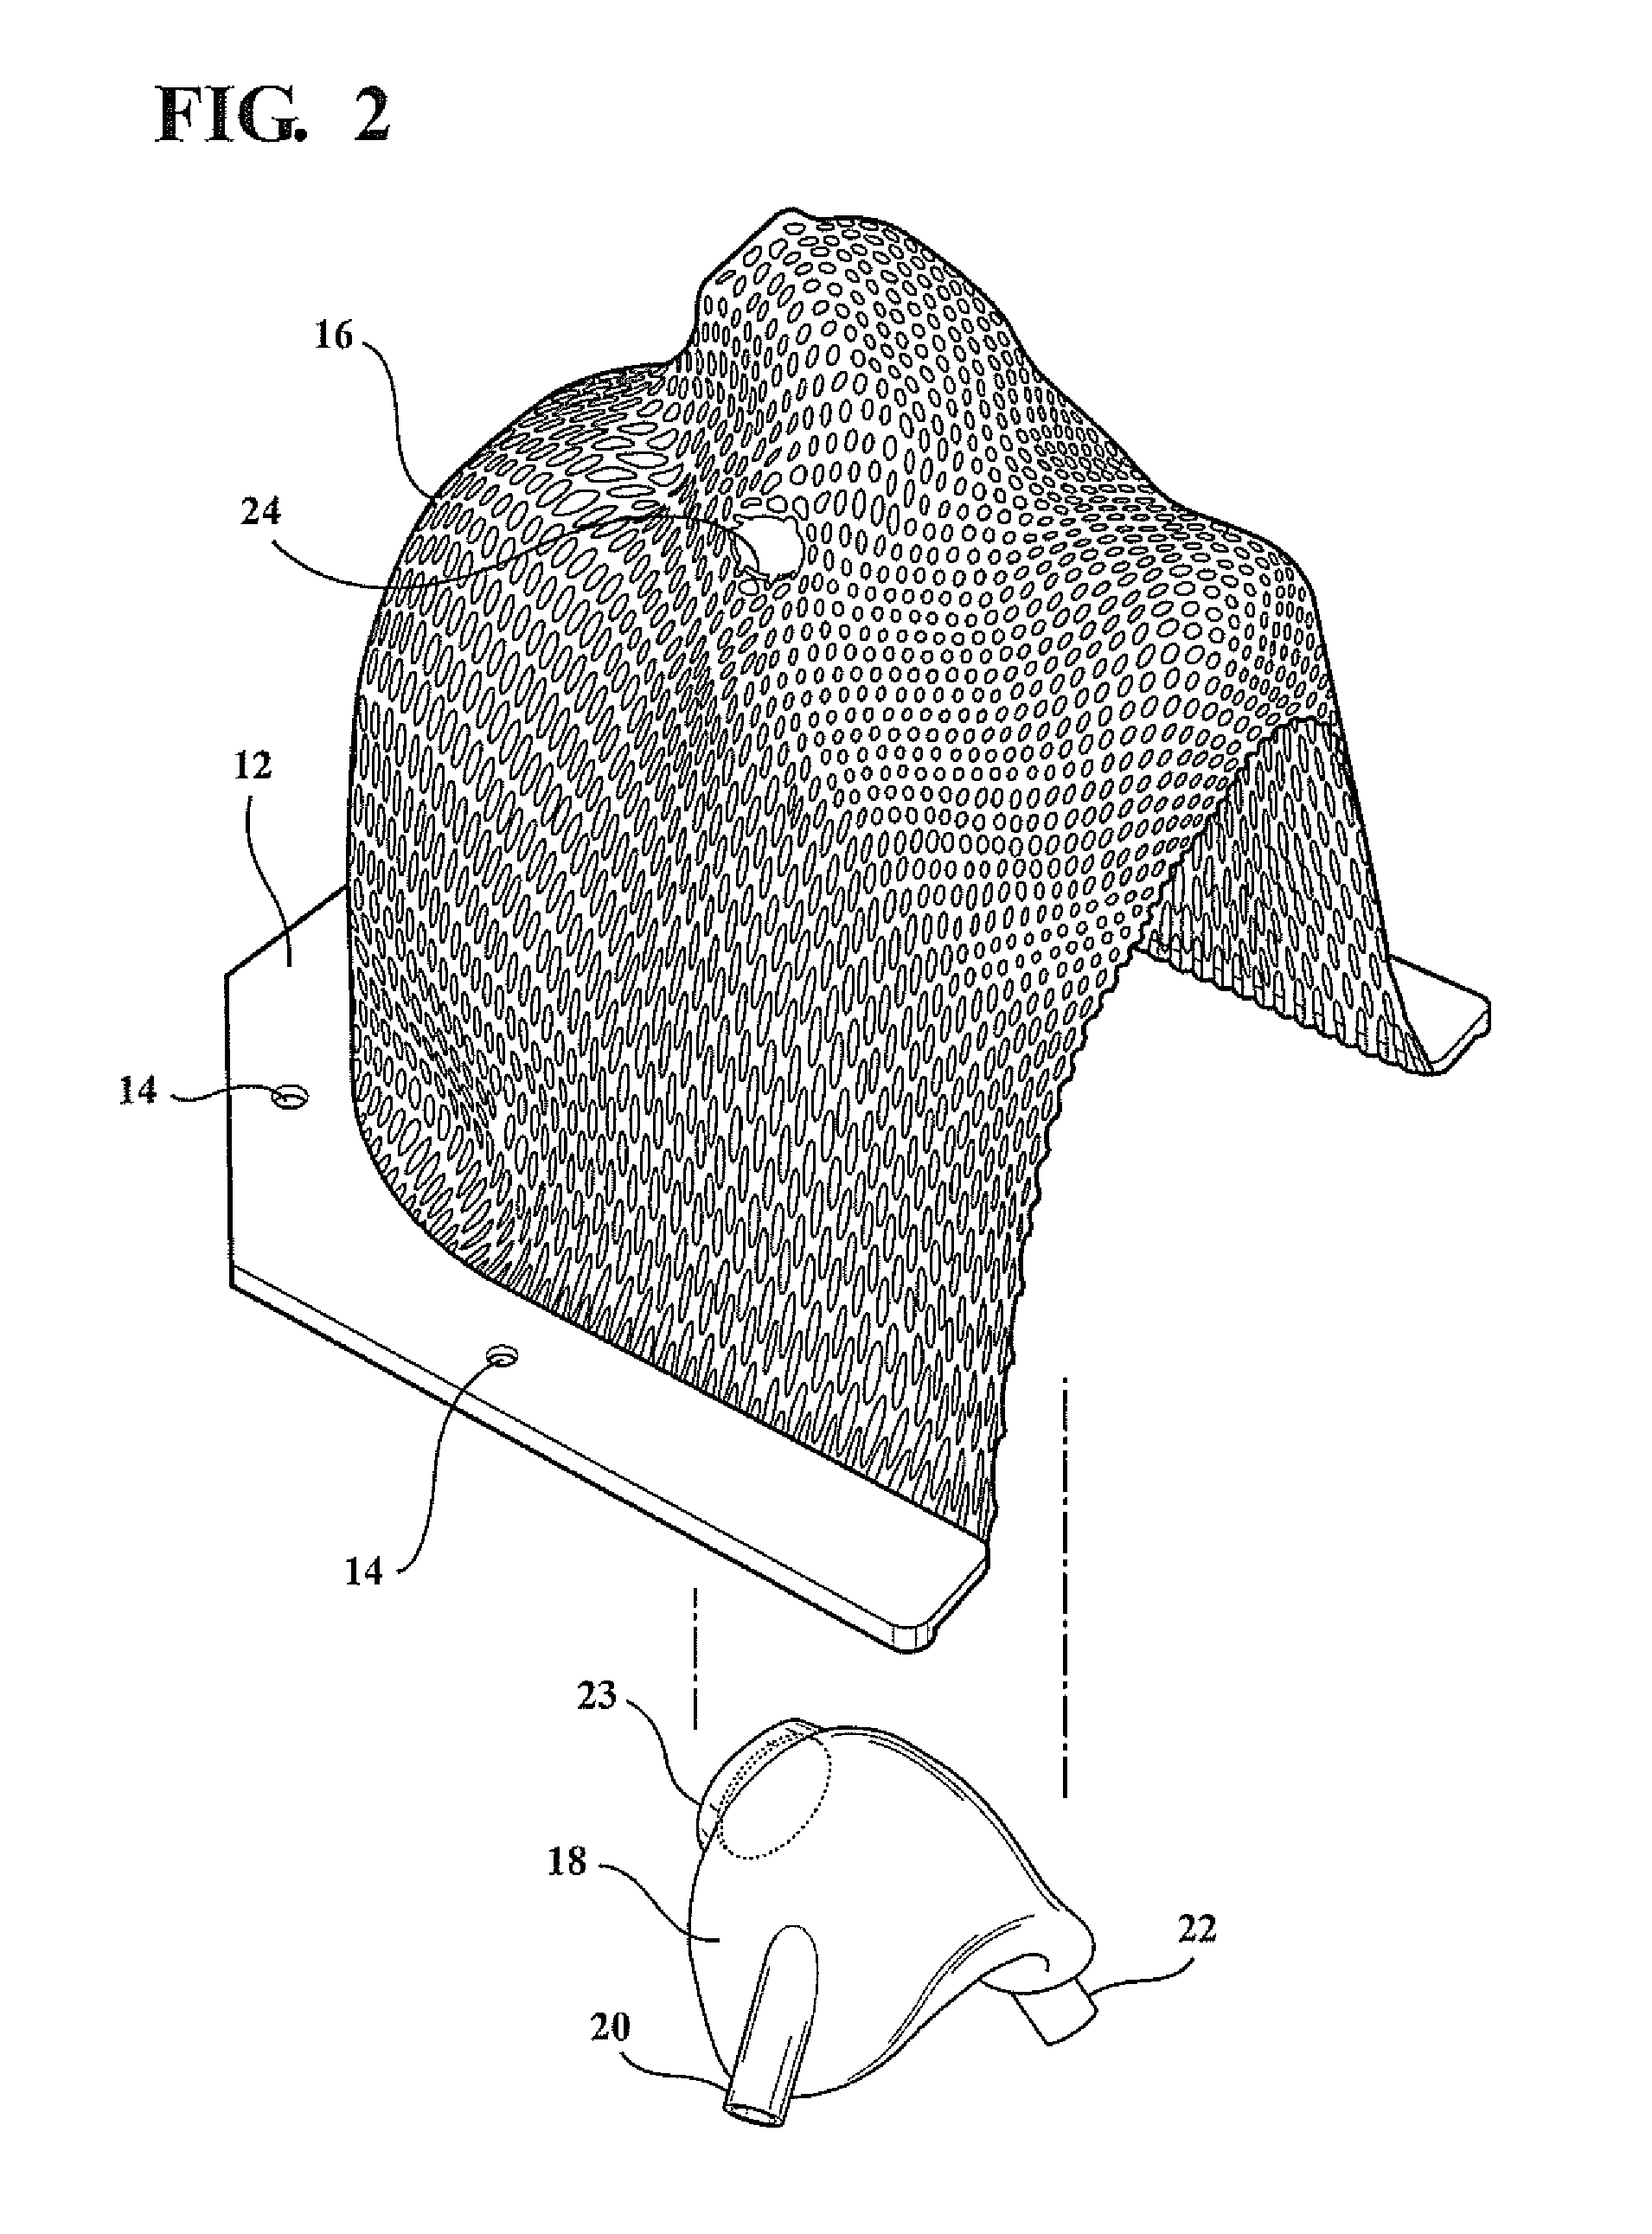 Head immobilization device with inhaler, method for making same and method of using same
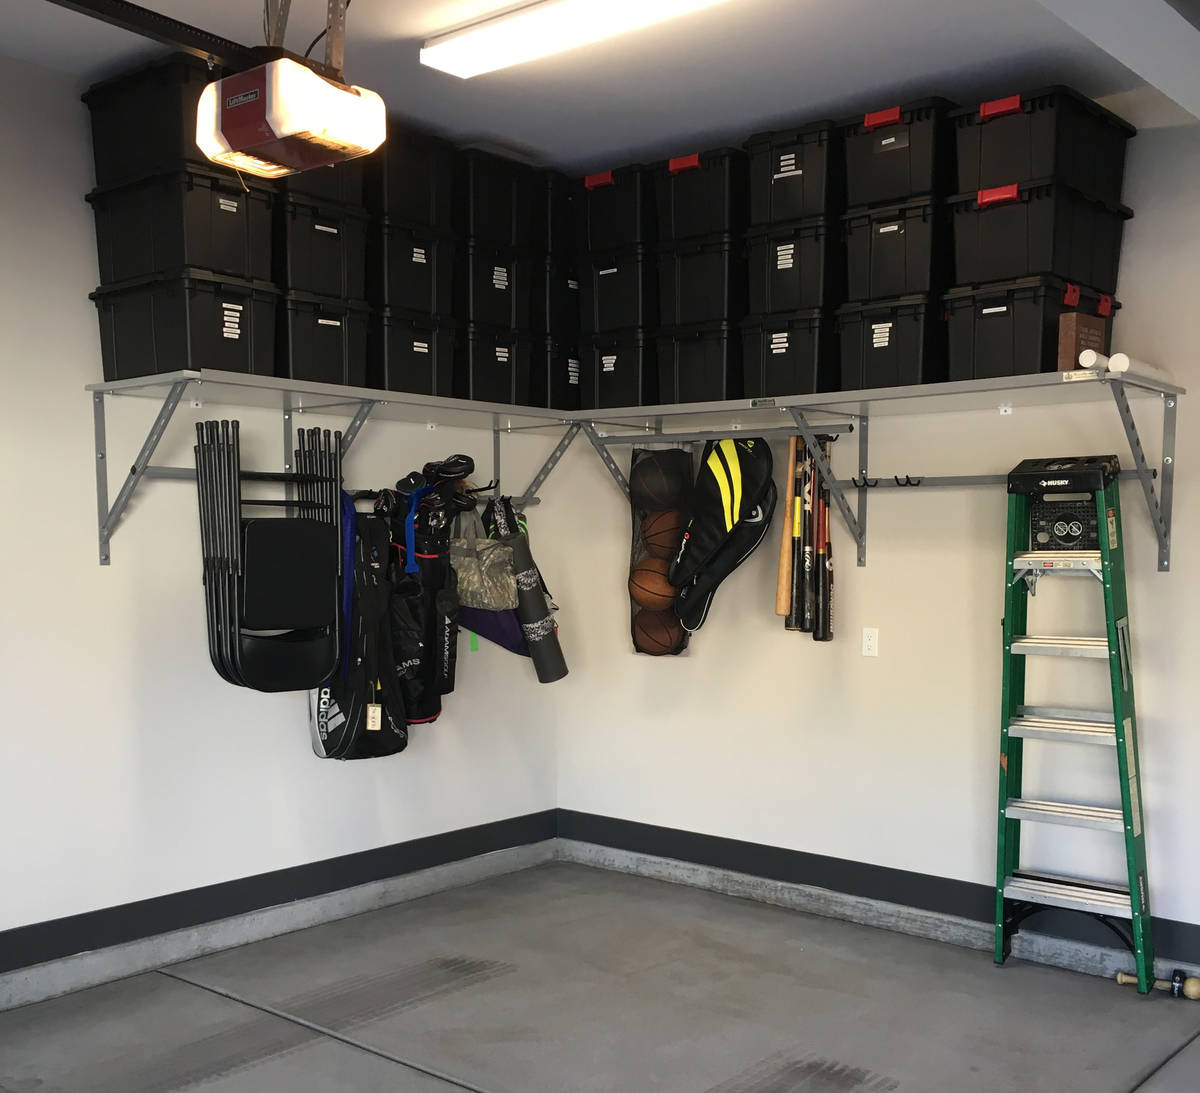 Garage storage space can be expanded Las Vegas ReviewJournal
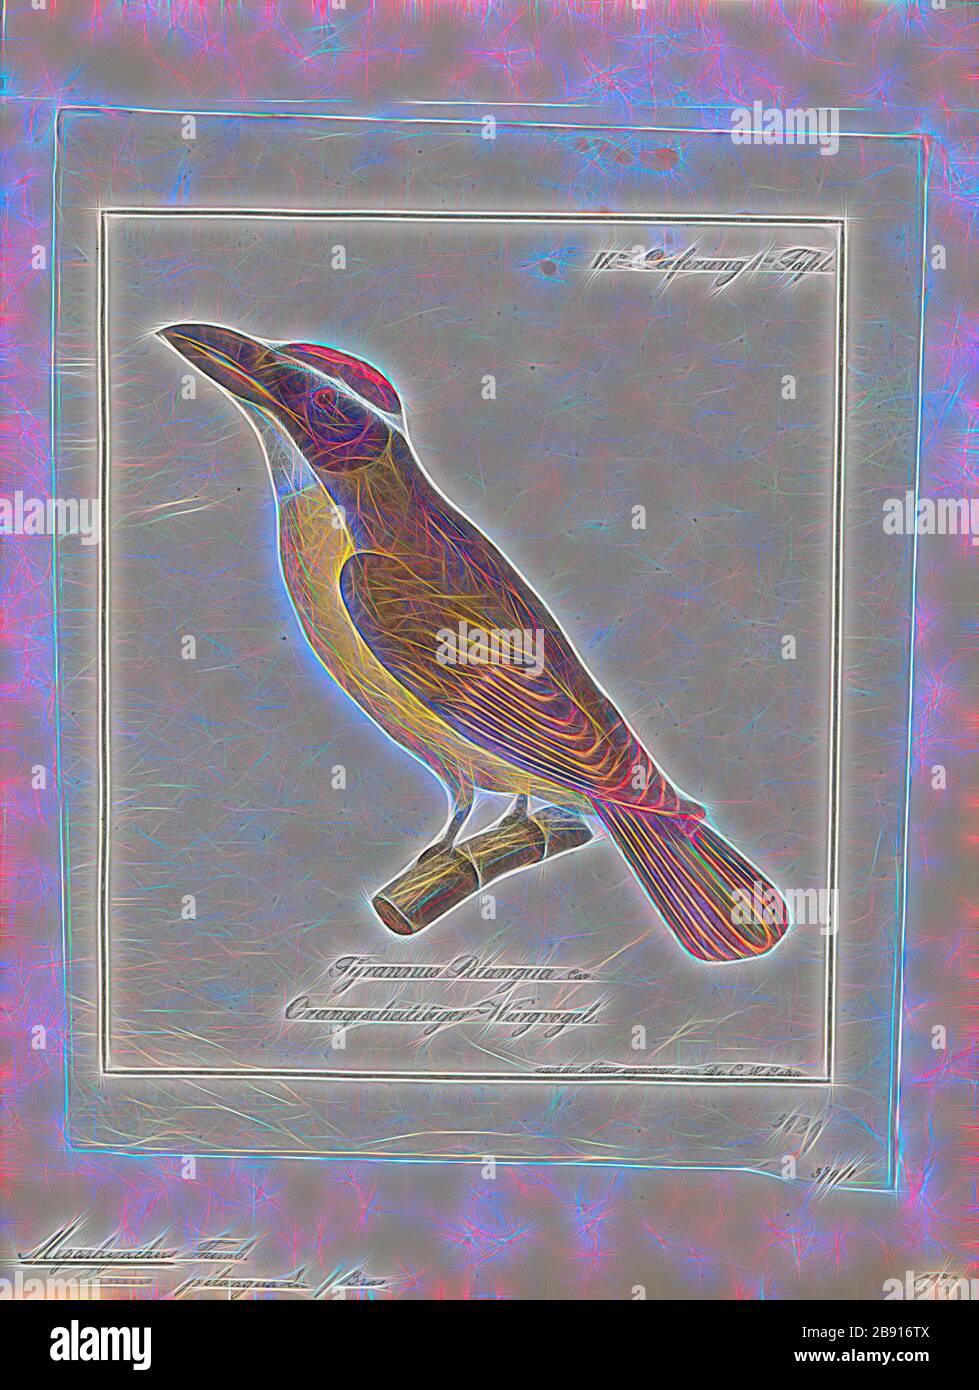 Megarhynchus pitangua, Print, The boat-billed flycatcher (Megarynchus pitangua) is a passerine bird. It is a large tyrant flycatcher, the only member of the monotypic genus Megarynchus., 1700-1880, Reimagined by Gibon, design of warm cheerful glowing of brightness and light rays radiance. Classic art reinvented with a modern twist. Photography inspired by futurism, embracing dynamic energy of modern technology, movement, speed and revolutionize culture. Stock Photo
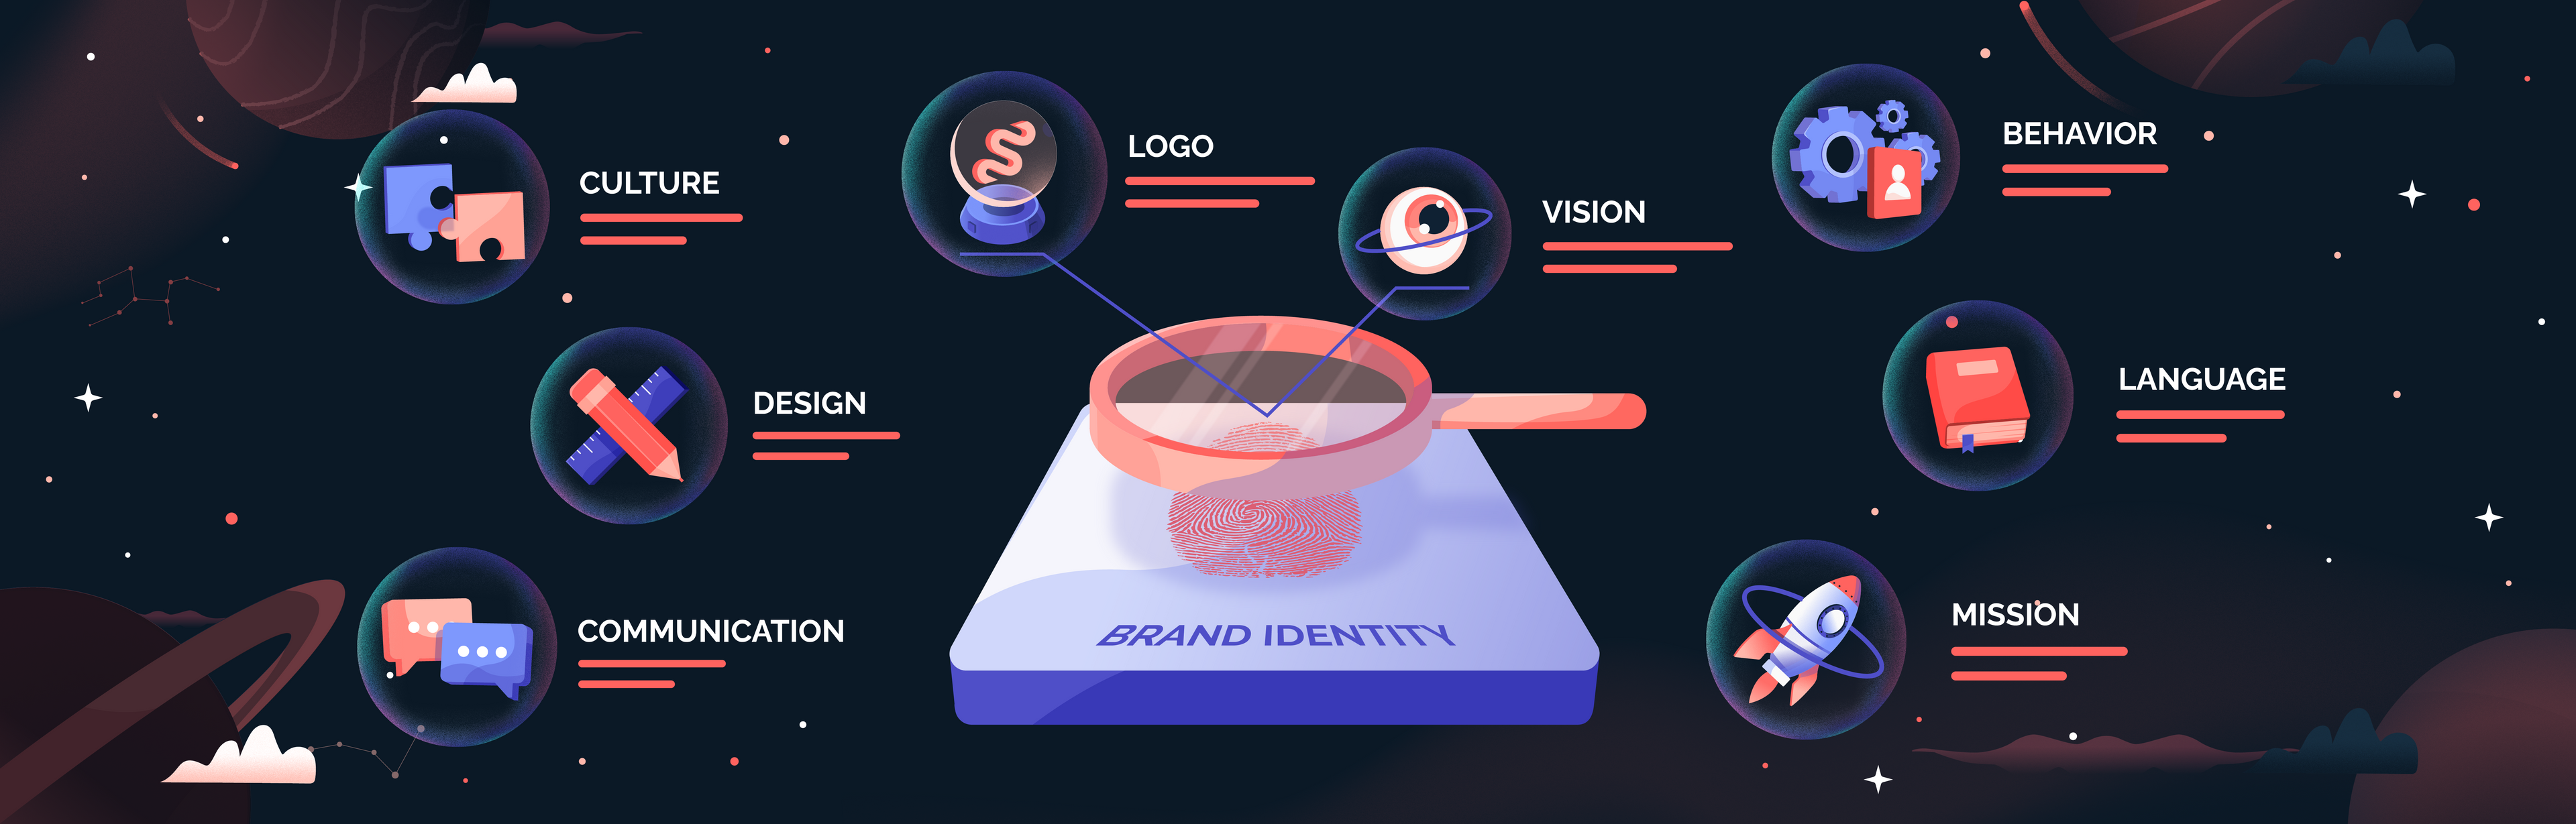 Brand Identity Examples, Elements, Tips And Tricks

Work item
Retype the data exactly; images stay out.

Solution to this exercise
 Head immobilization device with inhaler, method for making same and method of using same
 Garage storage space can be expanded Las Vegas ReviewJournal
 Megarhynchus pitangua, Print, The boat-billed flycatcher (Megarynchus pitangua) is a passerine bird. It is a large tyrant flycatcher, the only member of the monotypic genus Megarynchus., 1700-1880, Reimagined by Gibon, design of warm cheerful glowing of brightness and light rays radiance. Classic art reinvented with a modern twist. Photography inspired by futurism, embracing dynamic energy of modern technology, movement, speed and revolutionize culture. Stock Photo
 Brand Identity Examples, Elements, Tips And Tricks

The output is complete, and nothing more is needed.